The Secretary of State, in Colorado, has issued a warning to the state’s registered businesses. These businesses number in excess of 800,000. The warning has to do with corporate identity theft that is used to fraudulently make illegal purchases. The primary targets for this scam are major businesses such as; Office Depot, Home Depot, Dell and Apple.
At this point, there have been over 35 businesses that have had their financial identity compromised. This amounts to an excess of $750,000 made in fraudulent purchases from Home Depot alone, according to the Colorado Bureau of Investigation (CBI). The purchases were made by using bogus corporate identities. Five arrests have been made in connection with these criminal activities, as reported by CBI fraud unit agent Robert Brown.
It’s not yet clear how many other businesses have been affected by the scam. However, there are indications that the problem may be increasing. This has been indicated by additional groups that are become involved in perpetrating this type of scam. For example, Texas authorities have reported at least one other similar occurrence.
Evidently, an inherent weakness in Colorado’s business registration system helped to expedite the scam. This was due to an unusually wide open Colorado Secretary of State Office registration procedure. As with other states, businesses are required to register the details of their companies. This includes: the agent of the company that is making the registration, local address and other pertinent details. However, Colorado not only allows anyone to view a business registration record (as is the policy of other states). They also allow nearly anyone to make changes to that record. The Colorado state site has no username or password protection for company registration information. This means that changes could easily be made to business registration records by anyone visiting the state site.
This was the opportunity that identity scammers needed in order to set up their operations. According to Robert Brown, it was smaller to medium-sized companies that were targeted. In some cases, the companies had already gone out of business. This did not stop the criminals from using altered company registration information to make online credit applications with retail suppliers.

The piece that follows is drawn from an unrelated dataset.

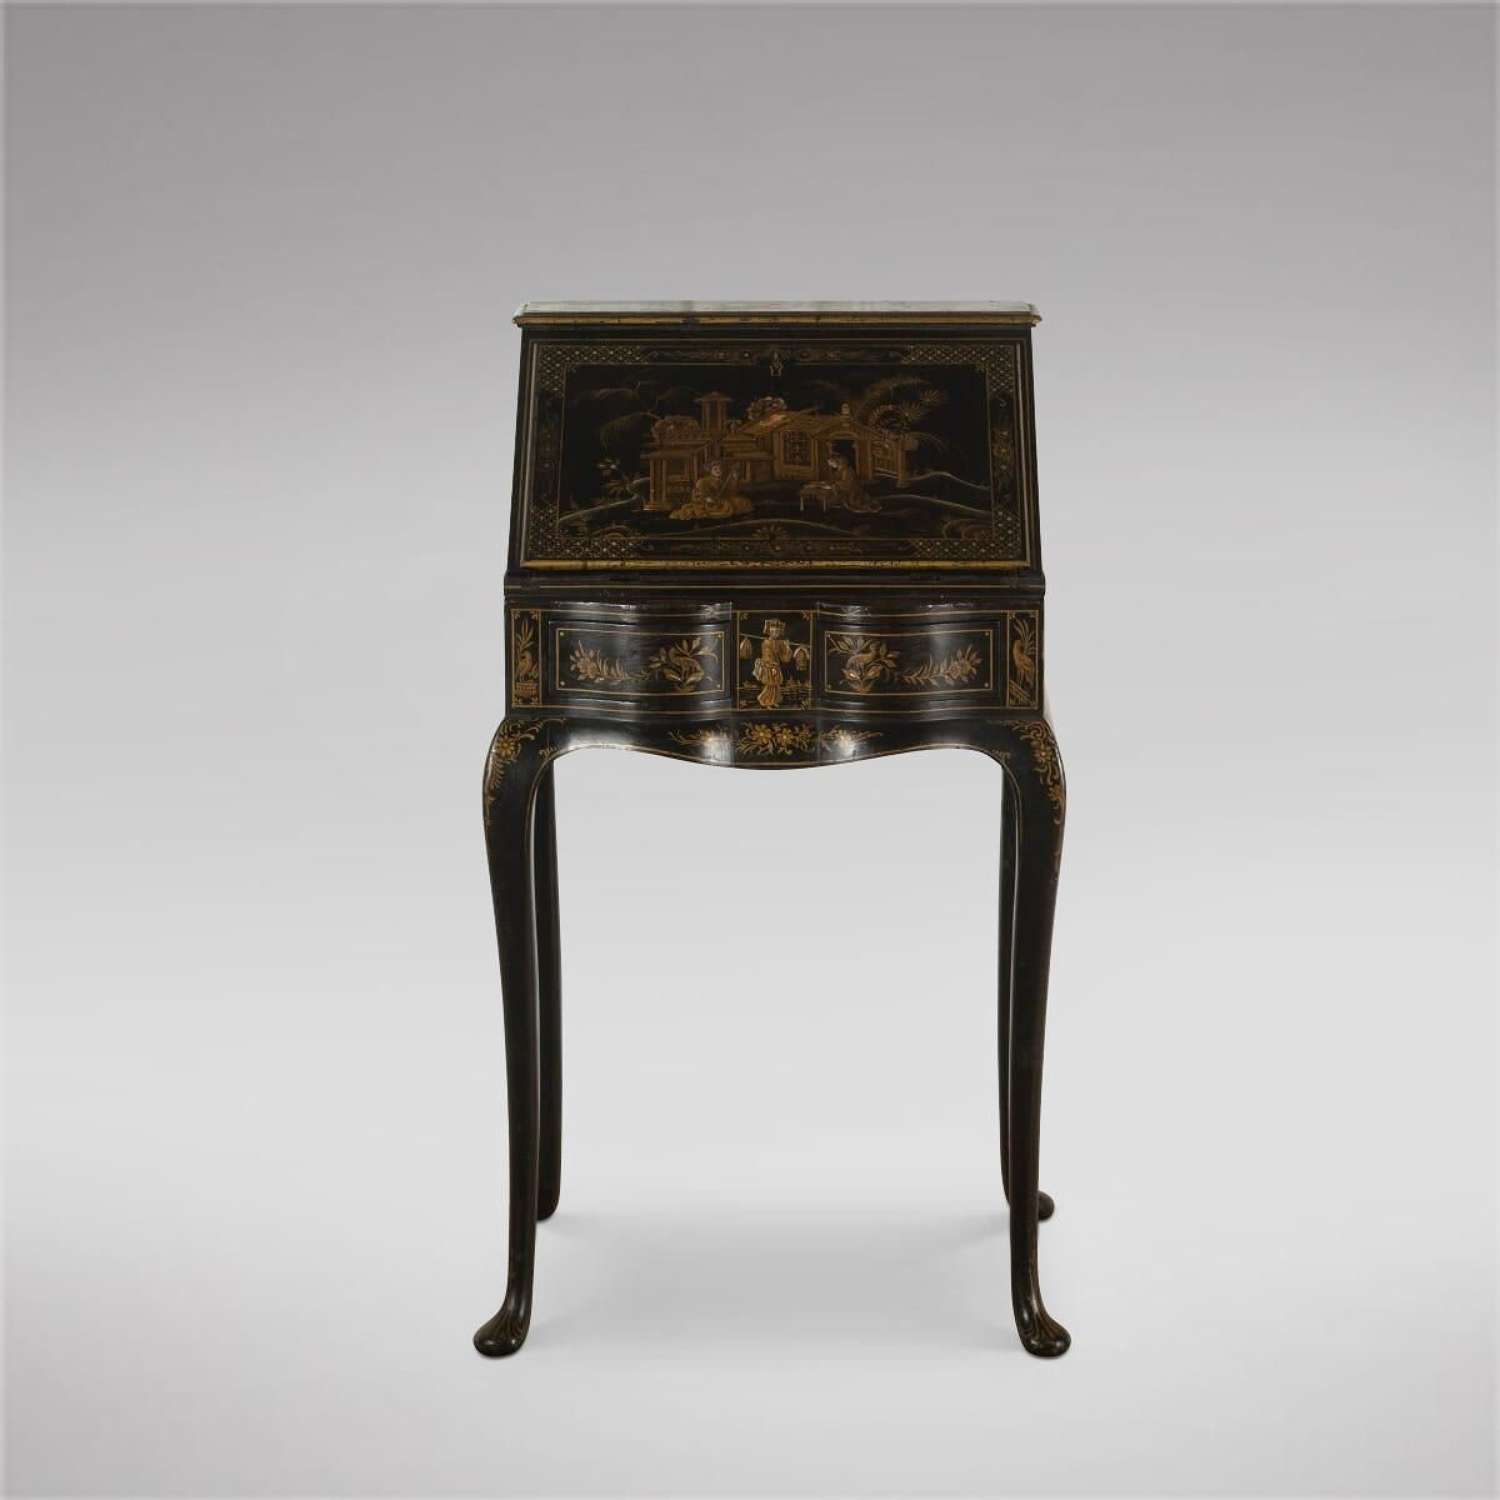 English Lacquered Giltwood Desk with Chinoserie Decoration

The system that was used in Colorado dates back to a time when corporate identity theft was not a problem. In actuality, an alert email is sent to the companies if any changes are made. However, this has not always been effective. This is especially true in cases of defunct companies. It should be noted that it is a felony to make unauthorized changes to business registration data.
Unfortunately, there are no current plans to institute a username and password system for Colorado business registrations. The state is basically telling their businesses to be vigilant regarding the email alert notification system. This may change, once the appropriate budget is approved. Discussions for this type of change will be made in January, when the legislative session resumes. It is estimated that five to seven additional employees will be needed to maintain a username and password help department.
Brown has stated that Colorado state authorities were alerted to this type of scam, previously. This occurred when Home Depot made an inquiry regarding purchases in excess of $250,000. The credit application involved was subsequently reviewed by Citibank. Citibank underwrites Home Depot credit lines. Their review revealed an alteration in Home Depot’s registration form. The change constituted a change from a physical location in Boulder, Colorado to a virtual location in Aurora, Colorado. The virtual office personnel in Aurora were then told to forward all mail to another virtual location in Harbor City, California.
The identity thieves then used Home Depot’s line of credit to make home appliance purchases. These items included TVs, refrigerators and various electronic devices. Copper wiring was also purchased using Home Depot’s name on a credit application. Since copper is a valuable metal that can easily be resold, purchasing a large amount is similar to purchasing a quantity of metal, such as silver.
In most of the fraudulent purchases, pickups were made by hired “street children and adults”.